Problem description> Give the whole listing below once more, exactly, without pictures.

Available data>
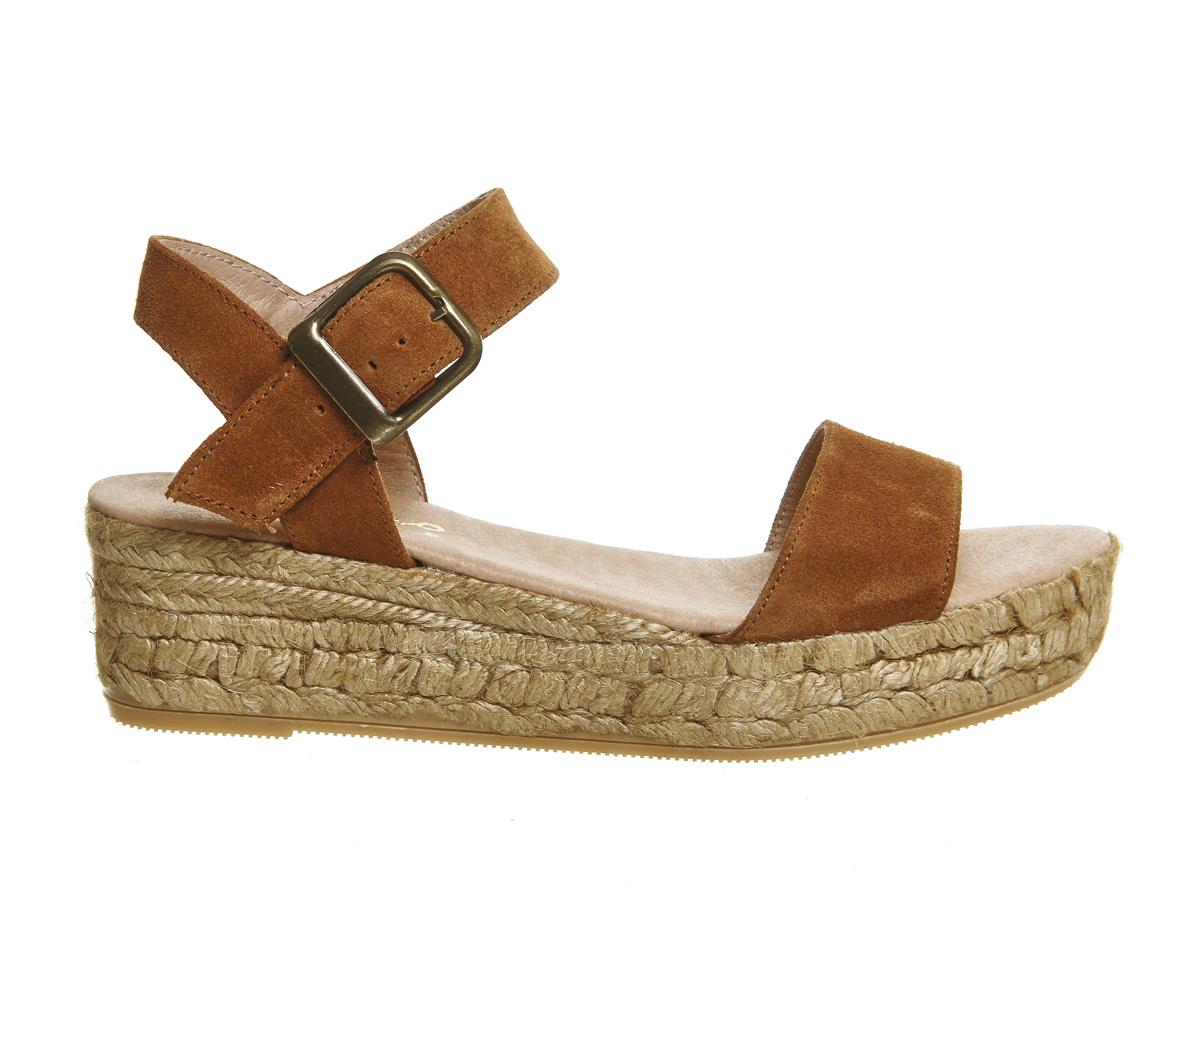 Gaimo for OFFICE Jyle Flatform Sandals Brown Suede - Women’s Sandals
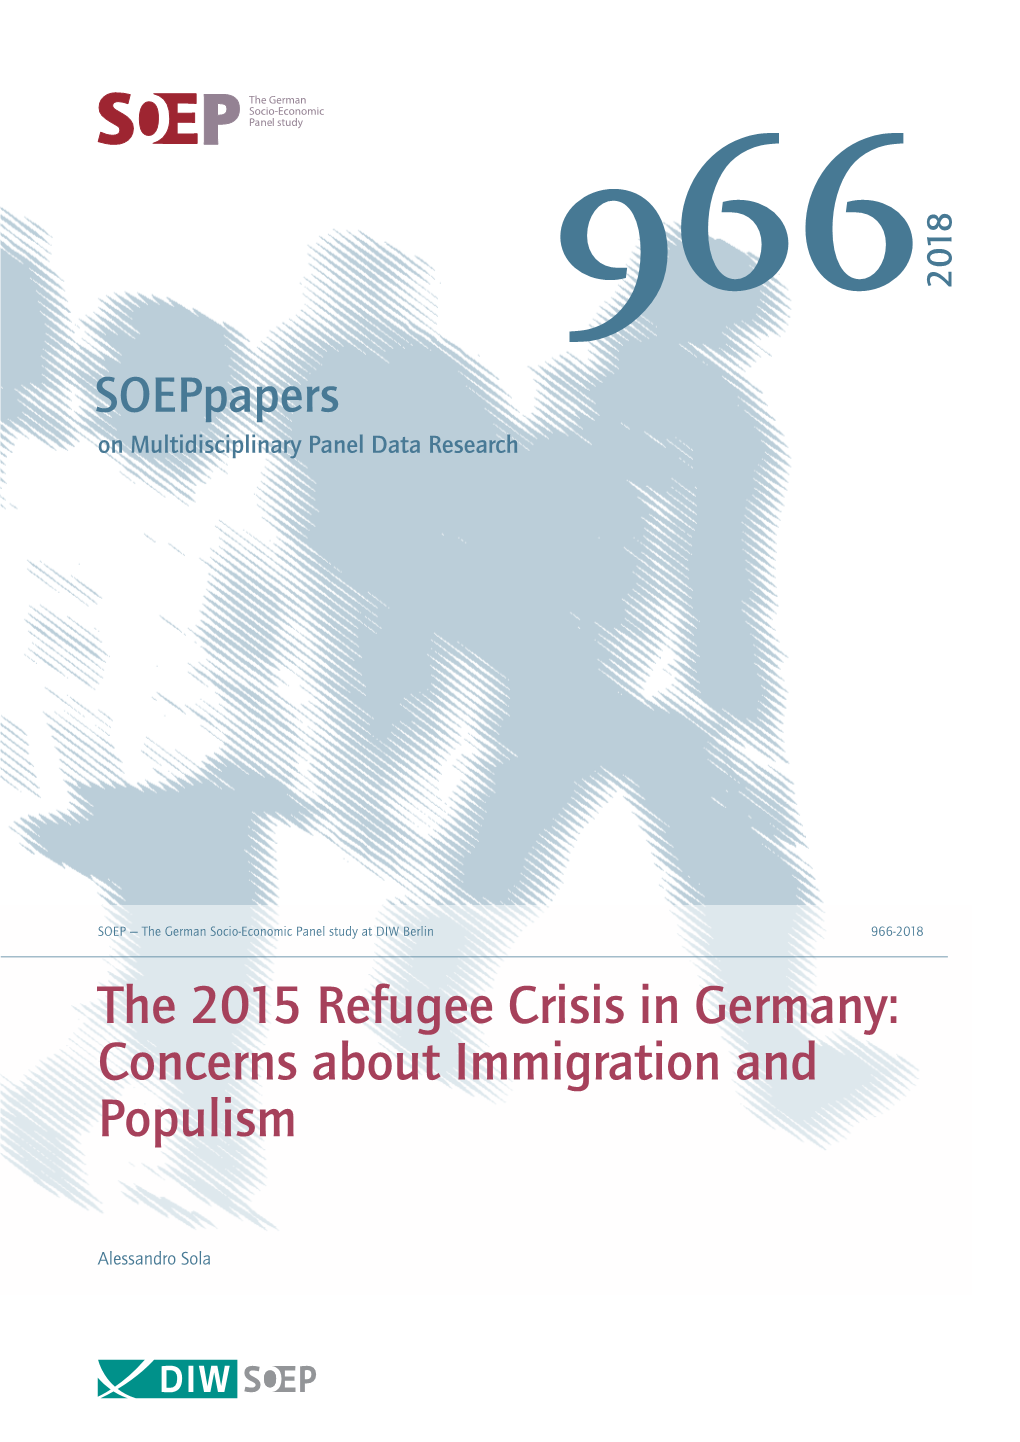 The 2015 Refugee Crisis in Germany: Concerns About Immigration and Populism
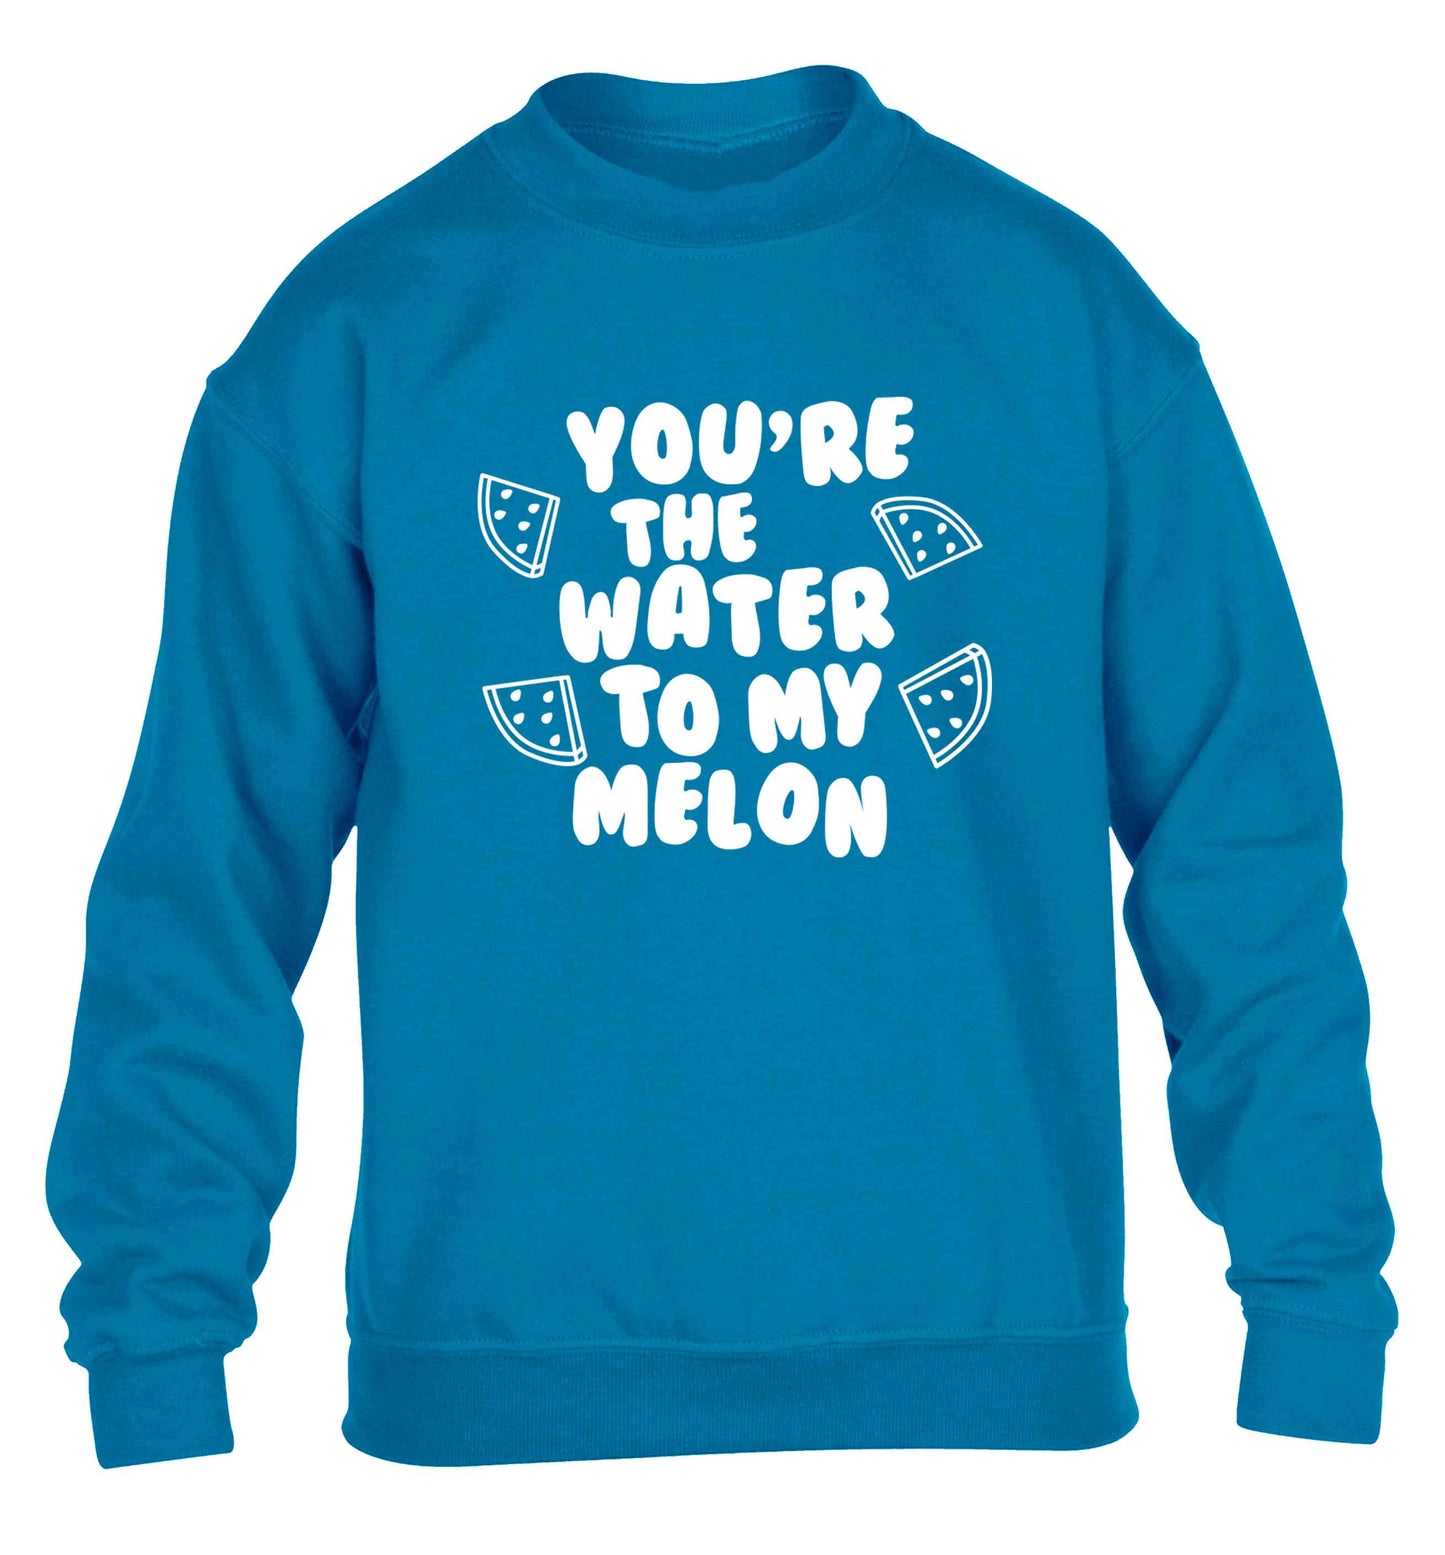 You're the water to my melon children's blue sweater 12-13 Years
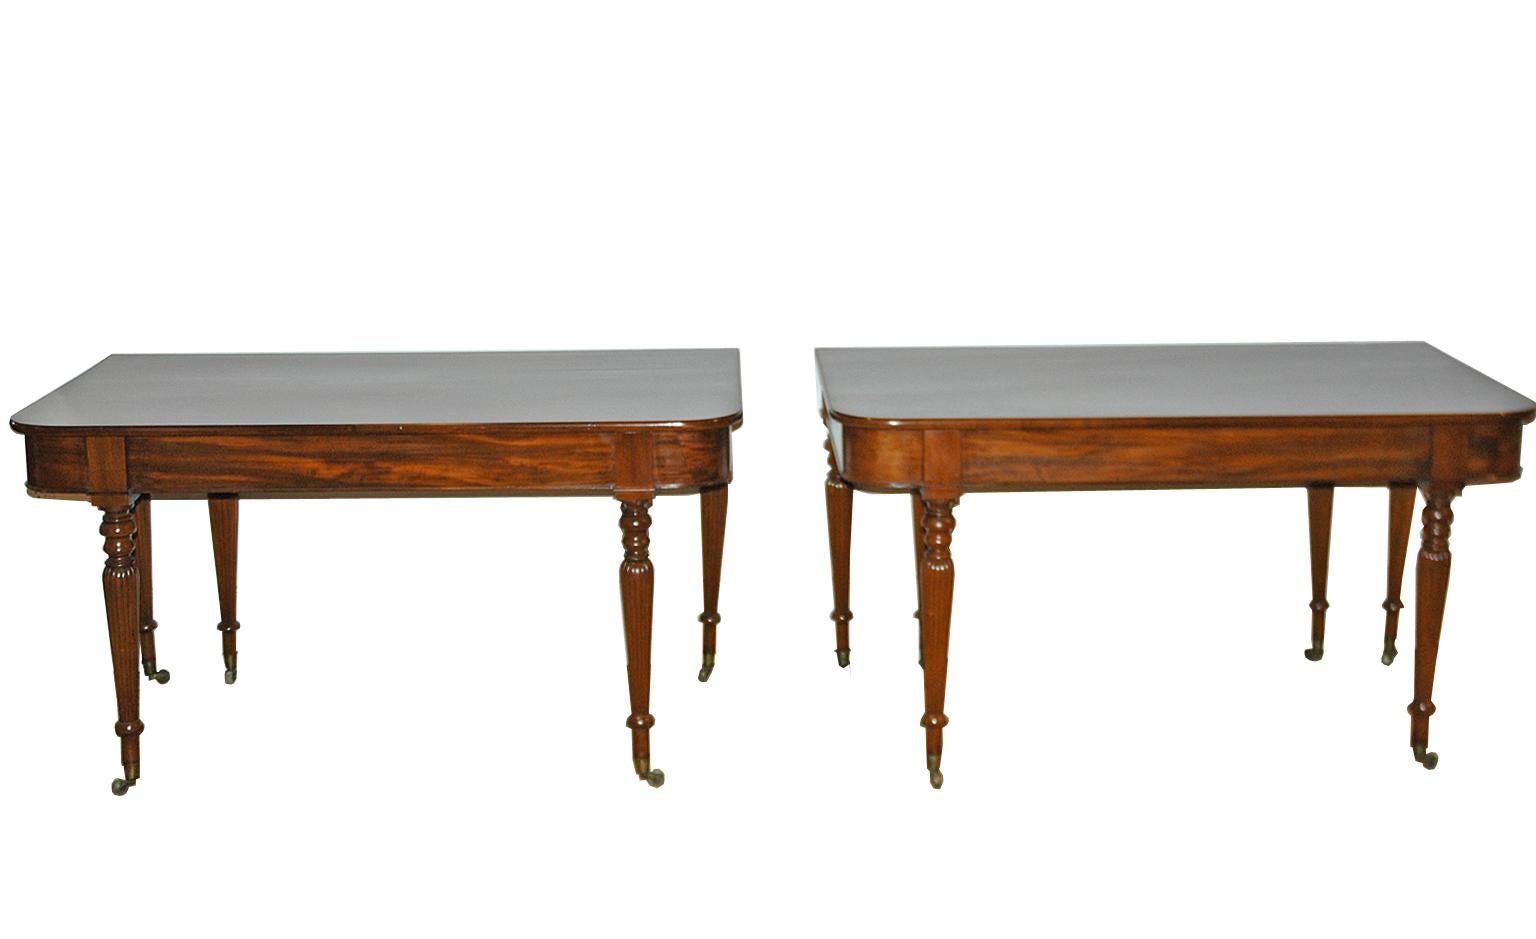 Long English Regency Banquet Dining Table in Mahogany w/ 4 Leaves, c. 1820 5

Task output>
 Gaimo for OFFICE Jyle Flatform Sandals Brown Suede - Women’s Sandals
 The 2015 Refugee Crisis in Germany: Concerns About Immigration and Populism
 You're the water to my melon children's blue sweater 12-13 Years
 Long English Regency Banquet Dining Table in Mahogany w/ 4 Leaves, c. 1820 5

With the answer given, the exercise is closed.